1191 59 3月、重源の十問に答える。


7月、8月、10月、九条兼実に授戒。


9月、宜秋門院任子に授戒。
1192 60 (源頼朝、征夷大将軍に任ぜられる)
1197 65 3月、九条兼実に授戒。


5月、弁長、法然の弟子となる。
1198 66 1月1日、この日より別時念仏を行い三昧発得。


春、「選択本願念仏集」を撰述。
1199 67 4月、弁長、入洛し、法然より「選択集」を伝受。
1200 68 5月、鎌倉幕府念仏を禁止。
1201 69 春、親鸞、法然の弟子となる。


10月、宜秋門院任子、法然を戒師として出家。
藤原隆信、法然について出家。
1202 70 1月、九条兼実、法然を戒師として出家。
1204 72 2月、伊豆山源延のために「浄土宗要文」を撰述。


10月、山門衆徒蜂起し天台座主真性に
専修念仏の禁止を訴える。


11月、「七箇条制誡」をつくり門弟をいさめ、
これを座主におくる。
1205 73 8月、宇都宮頼綱、法然のもとで出家。


10月、興福寺衆徒、念仏禁断の奏状を捧ぐ。


12月、宣旨により科を免れる。
1206 74 2月、院宣により行空、遵西の2人逮捕。興福寺の五師三綱、
念仏宗宣下につき摂政良経に強訴する。
1207 75 2月、住蓮・安楽、六条河原で死刑。


2月27日、院宣により土佐に配流。


3月16日、京都を出発。
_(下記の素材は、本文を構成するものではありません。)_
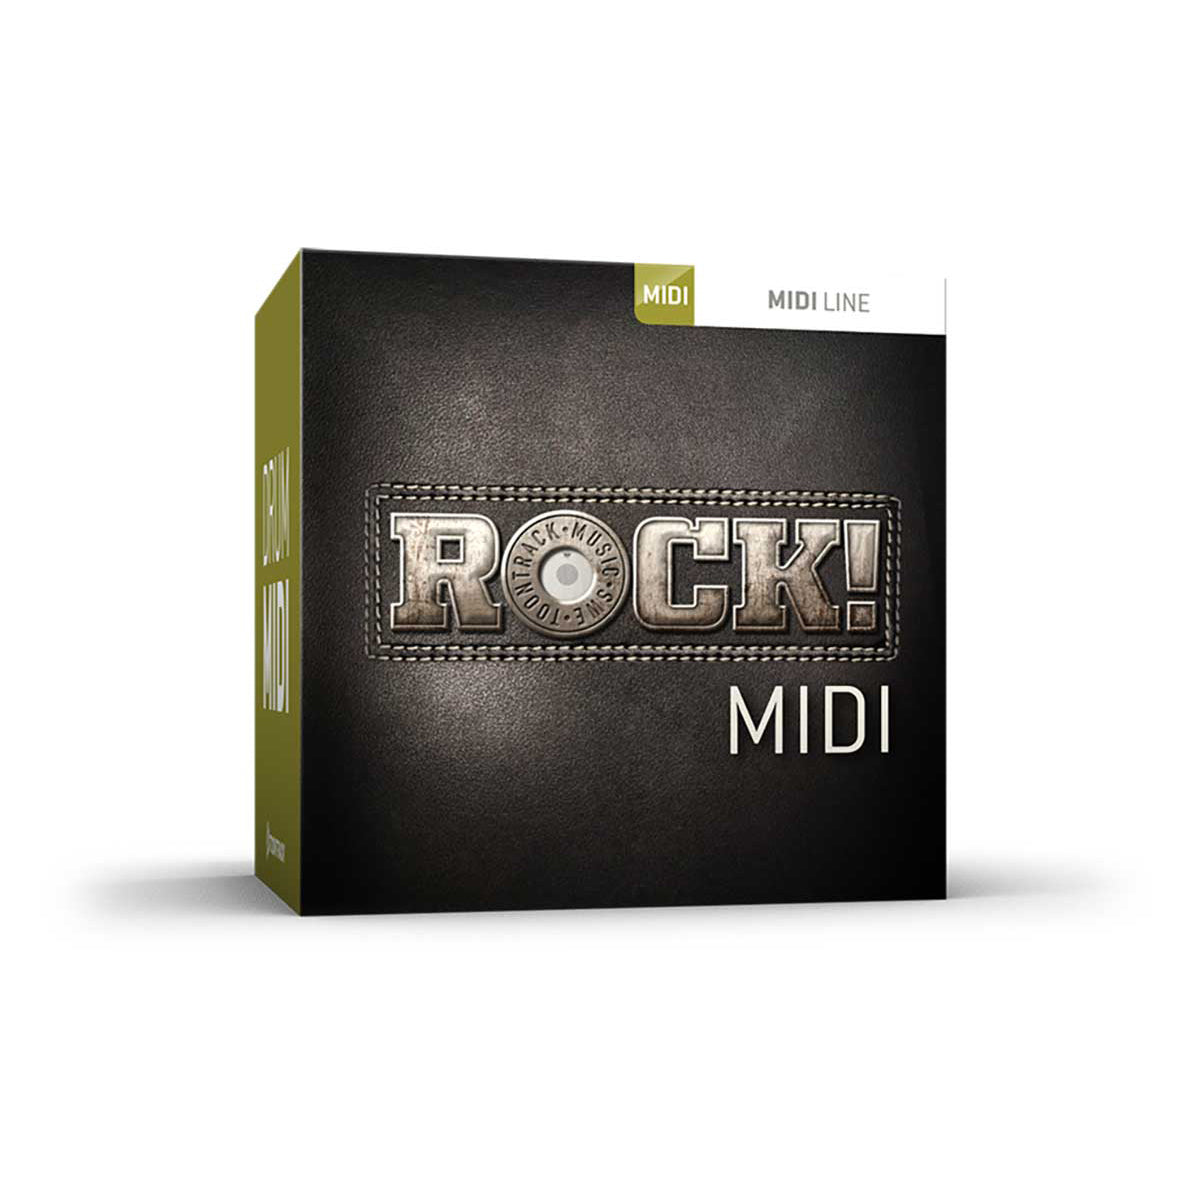 Toontrack Rock MIDI

室の泊を経て、
3月26日に讃岐国塩飽の地頭の館に到着。


4月、九条兼実死去。


12月、勅免により摂津国勝尾寺にはいる。
1211 79 11月、入洛の宣旨賜り、東山大谷に住む。
1212 80 1月23日、源智に「一枚起請文」を授ける。


1月25日、入寂。大谷の墓所に葬られる。


春、門弟ら法然の中陰の法要を行う。


11月、明恵、「摧邪輪」を著述し「選択集」を批判。
1216 死後4年 良忠、浄土門に入る。
1219 死後7年 2月、専修念仏停止の宣旨下る。
1224 死後12年 延暦寺三綱、念仏門六カ条の過失をあげて念仏停止を強訴。
1227 死後15年 6月、延暦寺衆徒、大谷の法然の墳墓を破却する。